The key scope question, I think, is: "How often do programs change sys.path at runtime, and what have they imported up to that point?"  (Because for the other part of the scope, I think it's a fairly safe bet that namespace packages are going to become even *more* popular than they are now, once PEP 420 is in place.)

But the key API/usability question is: "What's the One Obvious Way to add/change what's importable?"

And I believe the answer to that question is, "change sys.path", not "change sys.path, and then import some other module to call another API to say, 'yes, I really *meant* to update sys.path, thank you very much.'"

(Especially since NOT requiring that extra API isn't going to break any existing code.)

 
I'd really much rather not have this feature, which
reeks of too  much magic to me. (An area where Philip and I often
disagree. :-)

My take on it is that it only SEEMS like magic, because we're used to static __path__.  But other languages don't have per-package __path__ in the first place, so there's nothing to "automatically update", and so it's not magic at all that other subpackages/modules can be found when the system path changes!

So, under the PEP 420 approach, it's *static* __path__ that's really the weird special case, and should be considered so.  (After all, __path__ is and was primarily an implementation optimization and compatibility hack, rather than a user-facing "feature" of the import system.)

For example, when *would* you want to explicitly spell out a namespace package __path__, and restrict it from seeing sys.path changes?  I've not seen *anybody* ask for this feature in the context of setuptools; it's only ever been bug reports about when the more complicated implementation fails to detect an update.

So, to wrap up:

* The primary rationale for the feature is that "least surprise" for a new user to Python is that adding to sys.path should allow importing a portion of a namespace, whether or not you've already imported some other thing in that namespace.  Symmetry with other languages and with other Python features (e.g. changing the working directory in an interactive interpreter) suggests it, and the removal of a similar timing dependency from PEP 402 (preventing direct import of a namespace-only package unless you imported a subpackage first) suggests that the same type of timing dependency should be removed here, too.  (Note, for example, that I may not know that importing baz.spam indirectly causes some part of foo.wiz to be imported, and that if I then add another directory to sys.path containing a foo.* portion, my code will *no longer work* when I try to import foo.ham.  This is much more "magical" behavior, in least-surprise terms!)
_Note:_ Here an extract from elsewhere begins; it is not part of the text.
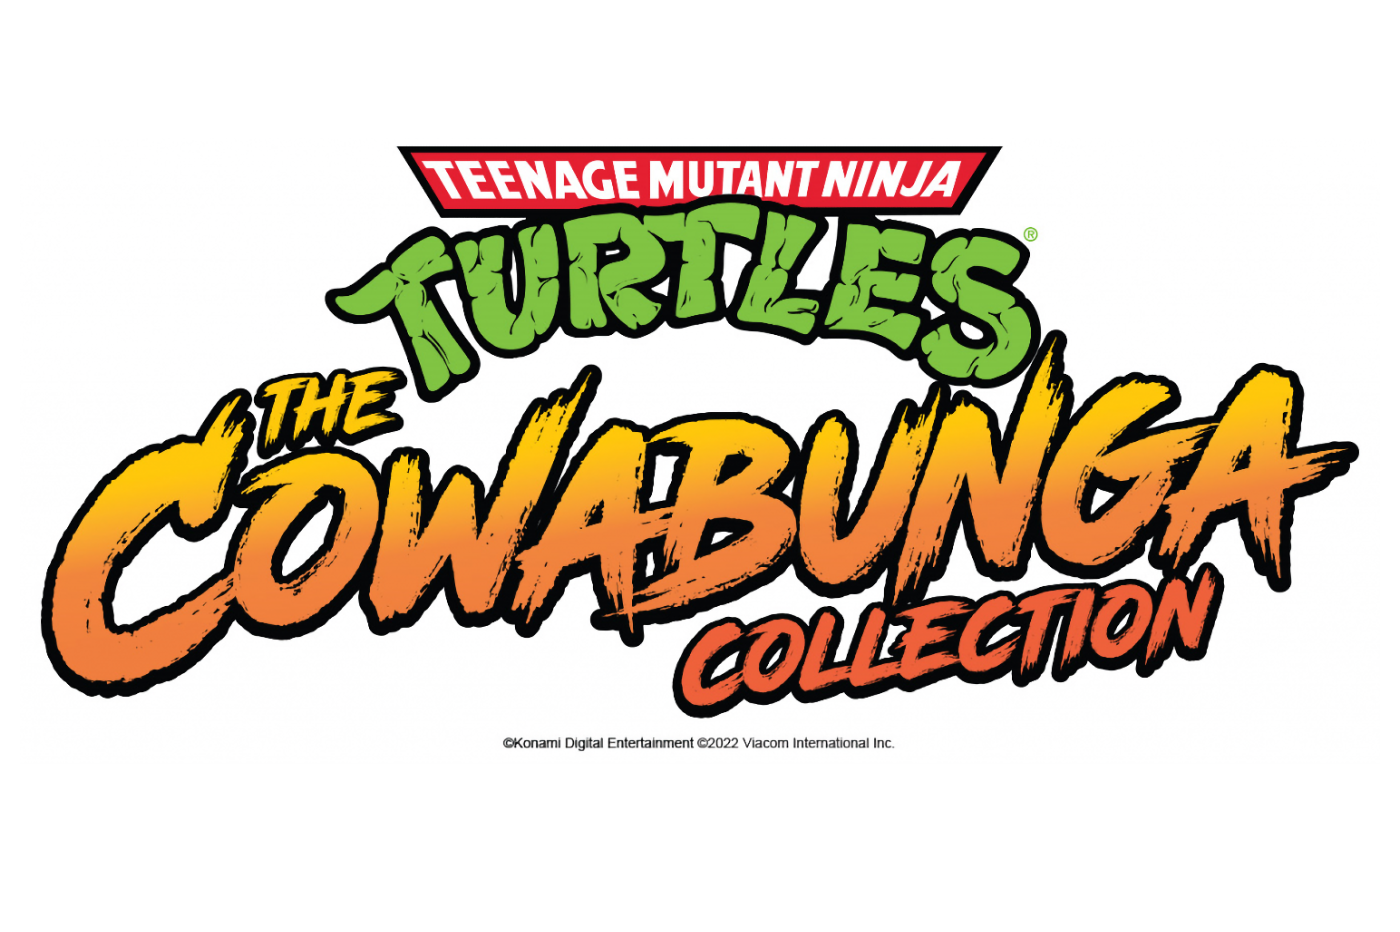 Cowabunga!  Konami presents all the Teenage Mutant Ninja Turtles games

* The constraints on sys.path and package __path__ objects can and should be removed, by making the dynamic path objects refer to a module and attribute, instead of directly referencing parent __path__ objects.  Code that currently manipulates __path__ will not break, because such code will not be using PEP 420 namespace packages anyway (and so, __path__ will be a list.  (Even so, the most common __path__ manipulation idiom is "__path__ = pkgutil.extend_path(...)" anyway!)
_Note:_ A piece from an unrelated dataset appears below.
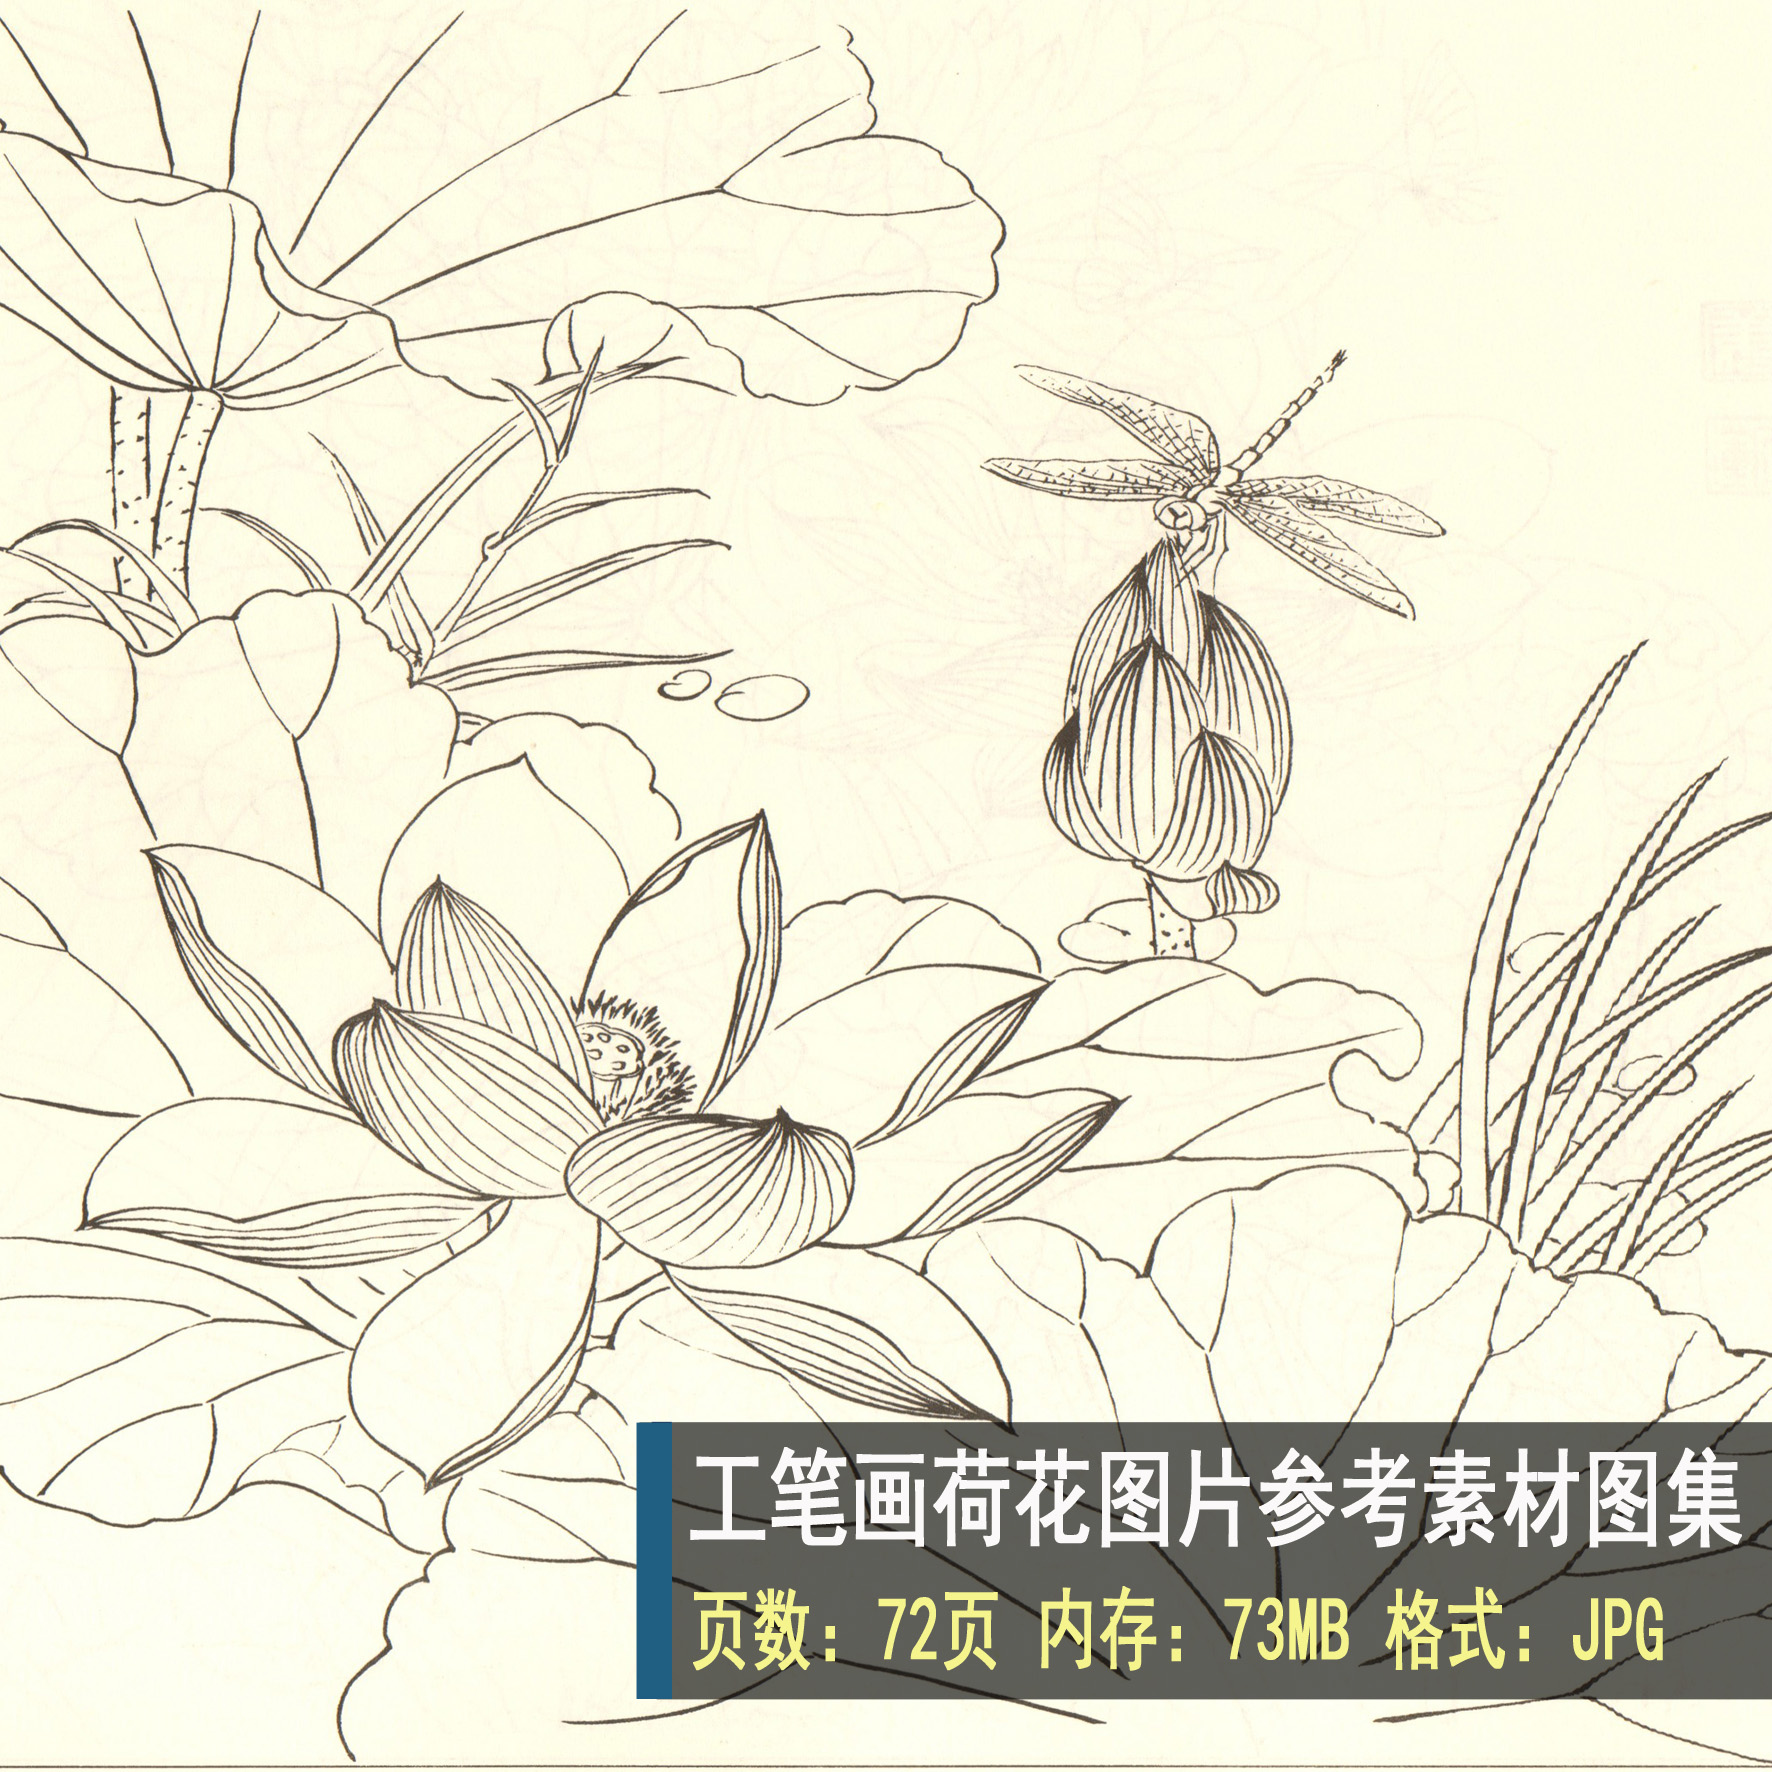 831 高清白描花卉图片素材 白描荷花线稿作品参考素材 设计素材

* Namespace packages are a widely used feature of setuptools, and AFAIK nobody has *ever* asked to stop dynamic additions to namespace __path__, but a wide assortment of things people do with setuptools rely on dynamic additions under the hood.  Providing the feature in PEP 420 gives a migration path away from setuptools, at least for this one feature.  (Specifically, it does away with the need to use declare_namespace(), and the need to do all sys.path manipulation via setuptools' requirements API.)

* Self-contained (__init__.py packages) and fixed __path__ lists can and should be considered the "magic" or "special case" parts of importing in Python 3, even though we're accustomed to them being central import concepts in Python 2.  Modules and namespace packages can and should be the default case from an instructional POV, and sys.path updating should reflect this.  (That is, future tutorials should introduce modules, then namespace packages, and finally self-contained packages with __init__ and __path__, because the *idea* of a namespace package doesn't depend on __path__ existing in the first place; it's essentially only a historical accident that self-contained packages were implemented in Python first.)